Повернувшись в постели, он увидел за окном на фоне дальней закопчённой стены тихо падающие большие хлопья. И тут же его охватило чувство неги и уюта. Он улыбнулся, стиснул ладони под головой, полуприкрыл глаза и предался воспоминаниям. Странно, как это всегда случалось — не снег, конечно — но всякий раз, когда он останавливался в «Доме Адамса», появляясь в Нью–Хэмпшире раз в полгода, им овладевало одно и то же настроение. Едва проснувшись, он начинал вспоминать о старых добрых днях в Бостоне: о барах, в которых часто бывал — Франка Лока, Голландский Дом, Джексона, Прикол, Колокольчик — о театрах, бурлесках, призовых боях, маскарадах, а потом под конец, обязательно, всегда и непременно о Юнис. Почему эти мысли никогда не посещают его дома?
Он предположил, что, скорее всего, потому что там он вечно занят: в конторе, с женой Дейзи, с детьми, и в Клубе тоже занят.
Нет времени для сентиментальных воспоминаний. А, кроме того, переехав в Нашуа, он на самом деле остепенился. Развесёлая жизнь кончилась, как отрезало: ни тебе сто'ящего театра, ни баров, ни собутыльников, а значит нет повода, чтобы отвлекаться, и в мгновение ока весь ход его дней стал иным.

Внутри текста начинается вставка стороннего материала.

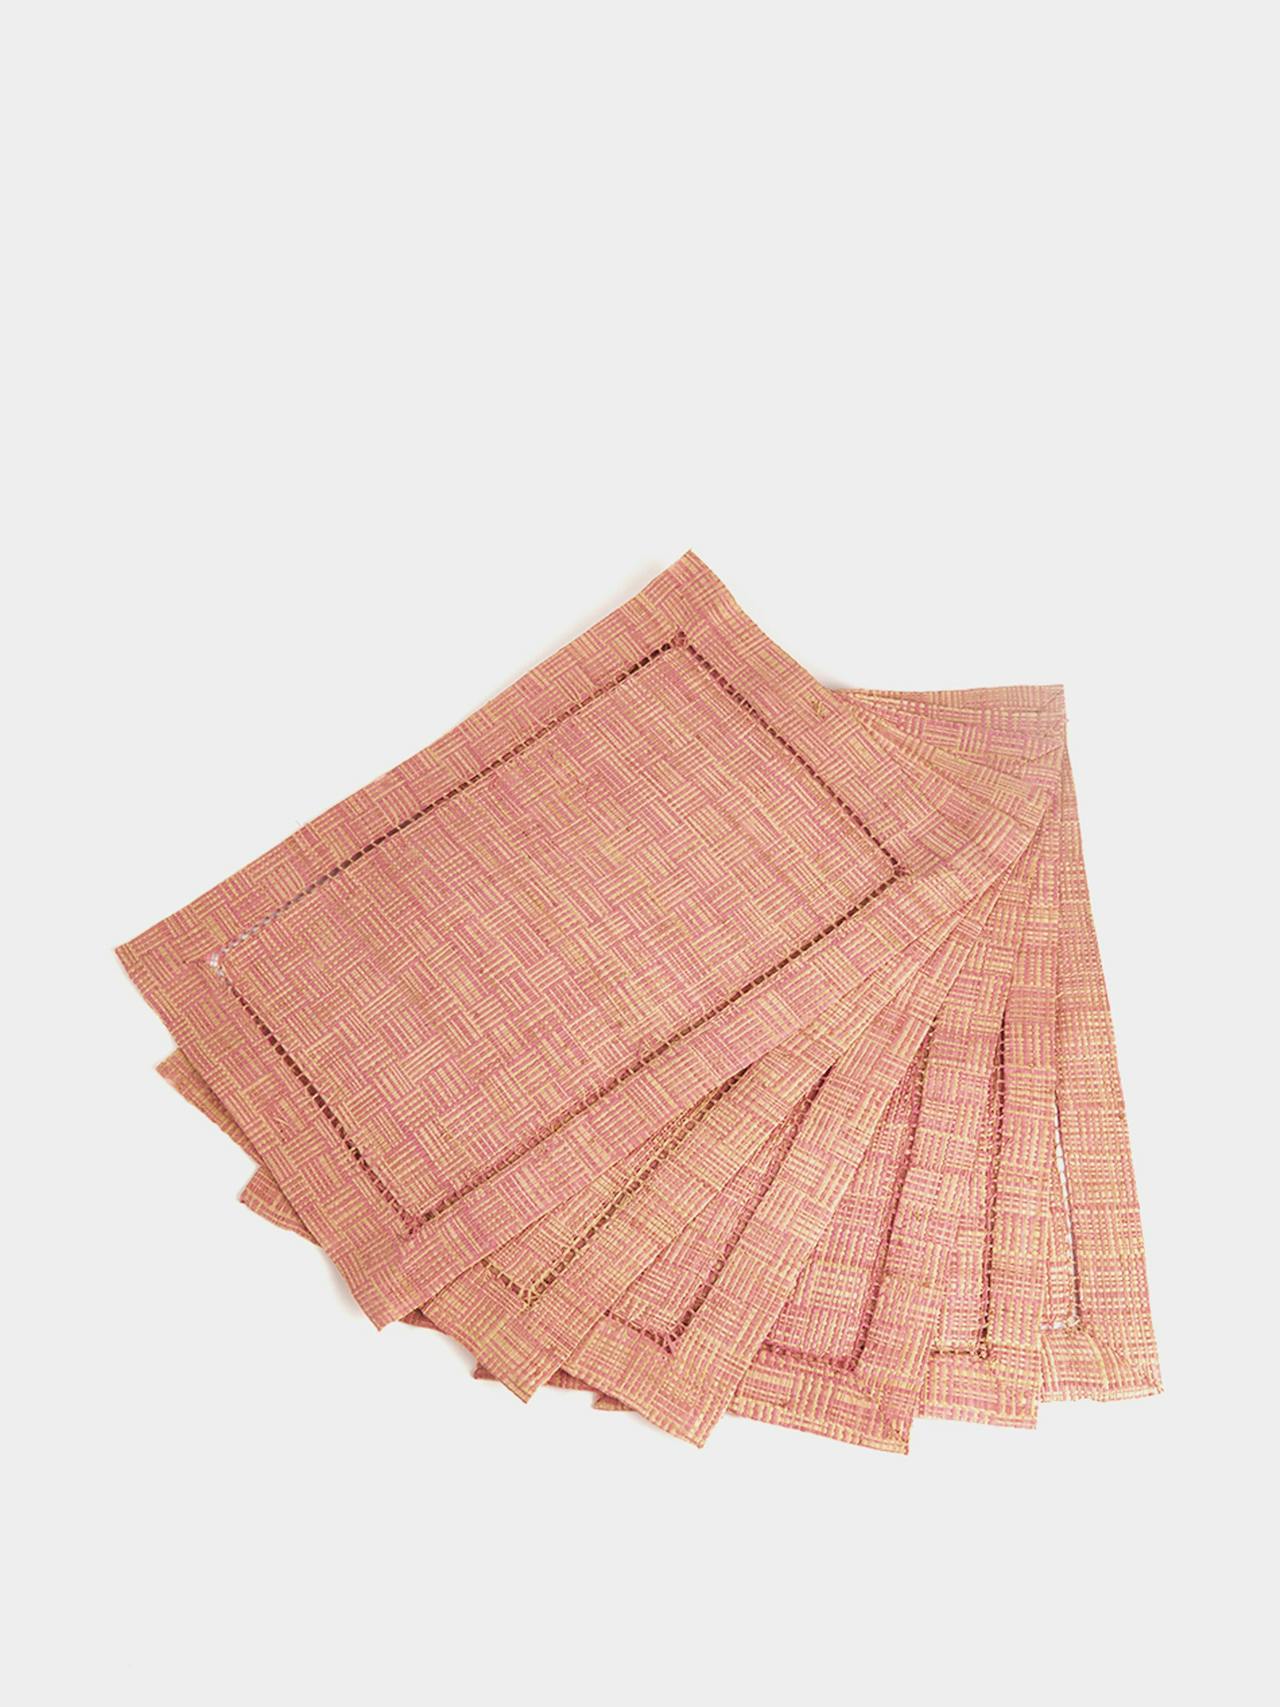 Pink raffia placemats, set of 6

Это естественно — без сомнения, естественно; и так же естественно, что, приезжая в Бостон, он радостно вспоминает ту, другую, жизнь восемь лет назад и её радости. Вся прежняя толпа растаяла. Знакомых, или кого особенно хотелось бы повидать, почти не осталось; даже газеты стали другими. Вот, редакция прежней «Хроники», обшарпанная захламленная западня, где он просидел столько часов и в полночь помогал Майку строчить рецензии на последнюю музыкальную комедию. И это тоже пропало, а с нею и все, кого он там знал. Где теперь рыжая девчонка–лифтёрша, где Билл Фэрлей, спортивный репортёр, отшлёпавший когда‑то в гостинице подружку Фолли, потом умершую от чахотки, и Королева Виргиния с необъятной грудью, которая вела страничку для домохозяек — где они все сейчас? А хрупкая Мари, каждый вечер вытаскивавшая своего благоверного из канавы и делавшая за него всю работу вдобавок ко своей? Какие милые были люди, какие милые, и, очень возможно, что их уже нет на свете… Но где же, всё‑таки, теперь Юнис?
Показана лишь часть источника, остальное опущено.